C’est pourquoi l’étoile peut, de nouveau, briller dans leur ciel, cette étoile que tant d’autres ont vue, mais qu’ils n’ont pas reconnue. Et la clarté familière les conduit, au creux du silence de la nuit, auprès de ce Dieu improbable, qu’avaient annoncé les Prophètes d’autrefois: « et toi, Béthléem en Judée, tu n’es certes pas le dernier parmi les chefs-lieux de Judée; car de toi sortira un chef, qui sera le berger d’Israël mon peuple » .

Alors, au coeur la nuit, malgré l’invraisemblable dénuement de ce Roi qu’ils cherchaient, malgré la démesure de ce Dieu, qui s’est fait si petit, ils sont désormais capables de le trouver et de le reconnaître. Sans doute faut-il avoir traversé bien des nuits, bien des tempêtes, et avoir suivi longtemps une étoile vacillante dans la nuit la plus opaque, pour reconnaître enfin la lumière de Dieu, là où tant d’autres ne voient rien.

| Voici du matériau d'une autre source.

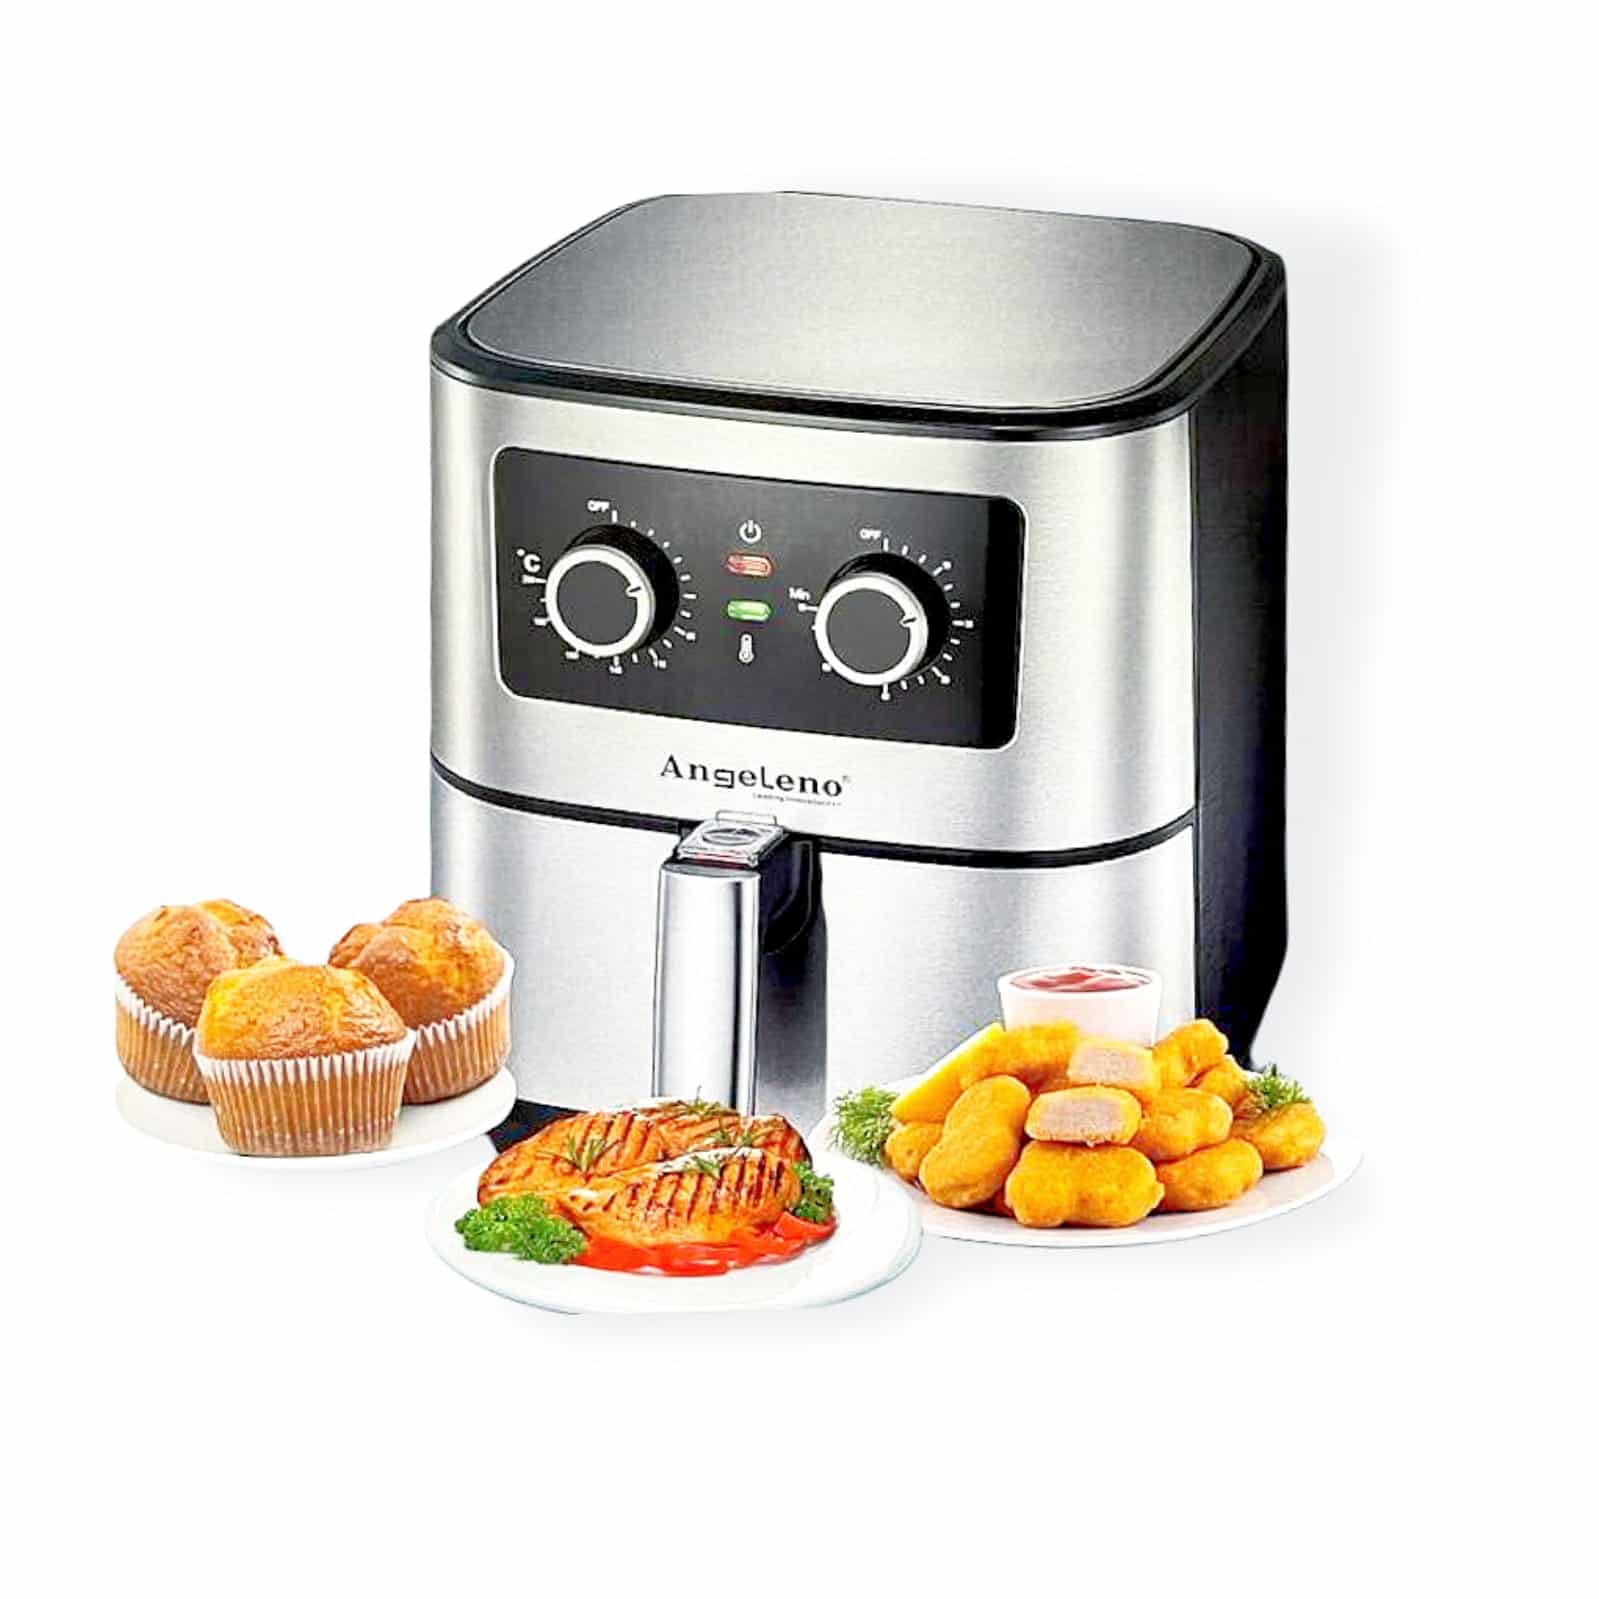 Angeleno G300 Healthy Air Fryer with Large Capacity 5.5 Literv

Ce que le récit des mages nous enseigne, c’est qu’il est nécessaire, comme les Apôtres en feront eux-mêmes l’expérience, de laisser derrière soi tous nos rêves trompeurs d’Orient, d’humaine sagesse, comme le dira Saint Paul. Il nous enseigne qu’il faut s’aventurer, au delà de tout ce qui est connu et aimé, sur l’obscur chemin de Jésus, et d’interroger, avec humilité et patience, les Ecritures, et ceux qui nous l’enseignent, pour pouvoir enfin reconnaître la lumière véritable.

C’est donc à un véritable parcours initiatique que nous invite Saint Matthieu, en nous offrant cette carte, cet itinéraire de la vie intérieure. Mais sommes-nous prêts à le suivre?